There are several ways to hide data within an image, some more refined than others. The easiest way to do it is to simply inject the data to the hide into some form of meta data. Using “exiftool” we can extract the following text field (although I first noticed it with a simple “strings”):
je@isis:~$ exiftool cyber.png | grep Comment Comment : QkJCQjIAAACR2PFtcCA6q2eaC8SR+8dmD/zNzLQC+td3tFQ4qx8O447TDeuZw5P+0SsbEcYR.78jKLw==
This is quite obviously base64-encoded data, judging from the “==” at the end and the range of characters being used. The following command line reveals its decoded contents:
je@isis:~$ exiftool cyber.png \ | grep Comment | awk '{ print $3 }' \ | perl -MMIME::Base64 -e 'print decode_base64(<>)' > cyber.bin je@isis:~$ xxd -g1 cyber.bin 0000000: 42 42 42 42 32 00 00 00 91 d8 f1 6d 70 20 3a ab BBBB2......mp :. 0000010: 67 9a 0b c4 91 fb c7 66 0f fc cd cc b4 02 fa d7 g......f........ 0000020: 77 b4 54 38 ab 1f 0e e3 8e d3 0d eb 99 c3 93 fe w.T8............ 0000030: d1 2b 1b 11 c6 11 ef c8 ca 2f .+......./
As you can see, it starts with the “BBBB” that the payload looked for after the end of the payload, followed by an 32-bit LSB integer (32 00 00 00 = 0x00000032 = 50 = The size of the encrypted buffer), and finally the 50 bytes of encrypted data.

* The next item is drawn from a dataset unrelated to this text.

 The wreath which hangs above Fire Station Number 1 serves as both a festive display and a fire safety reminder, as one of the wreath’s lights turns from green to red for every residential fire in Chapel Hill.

In other words, the full payload is as follows:
eb 04 af c2 bf a3 81 ec 00 01 00 00 31 c9 88 0c 0c fe c1 75 f9 31 c0 ba ef be ad de 02 04 0c 00 d0 c1 ca 08 8a 1c 0c 8a 3c 04 88 1c 04 88 3c 0c fe c1 75 e8 e9 5c 00 00 00 89 e3 81 c3 04 00 00 00 5c 58 3d 41 41 41 41 75 43 58 3d 42 42 42 42 75 3b 5a 89 d1 89 e6 89 df 29 cf f3 a4 89 de 89 d1 89 df 29 cf 31 c0 31 db 31 d2 fe c0 02 1c 06 8a 14 06 8a 34 1e 88 34 06 88 14 1e 00 f2 30 f6 8a 1c 16 8a 17 30 da 88 17 47 49 75 de 31 db 89 d8 fe c0 cd 80 90 90 e8 9d ff ff ff 41 41 41 41 42 42 42 42 32 00 00 00 91 d8 f1 6d 70 20 3a ab 67 9a 0b c4 91 fb c7 66 0f fc cd cc b4 02 fa d7 77 b4 54 38 ab 1f 0e e3 8e d3 0d eb 99 c3 93 fe d1 2b 1b 11 c6 11 ef c8 ca 2f
By embedding this payload into a small C program (available here), and injecting a breakpoint at the exit(0) call by manually changing the “cd” in “cd 80” (int 0x80, the system call interrupt) to “cc” (int3) lets me read the decrypted string in a debugger.
je@isis:~$ gcc -o x x.c -m32; execstack -s x je@isis:~$ gdb -q x Reading symbols from /home/je/x...(no debugging symbols found)...done. (gdb) r Starting program: /home/je/x Program received signal SIGTRAP, Trace/breakpoint trap. 0xffffd2b6 in ?? () (gdb) x/s $edi-50 0xffffd0da: "GET /15b436de1f9107A3778aad525e5d0b20.js HTTP/1.1"
This gives us the URL for the next stage of the challenge (available here).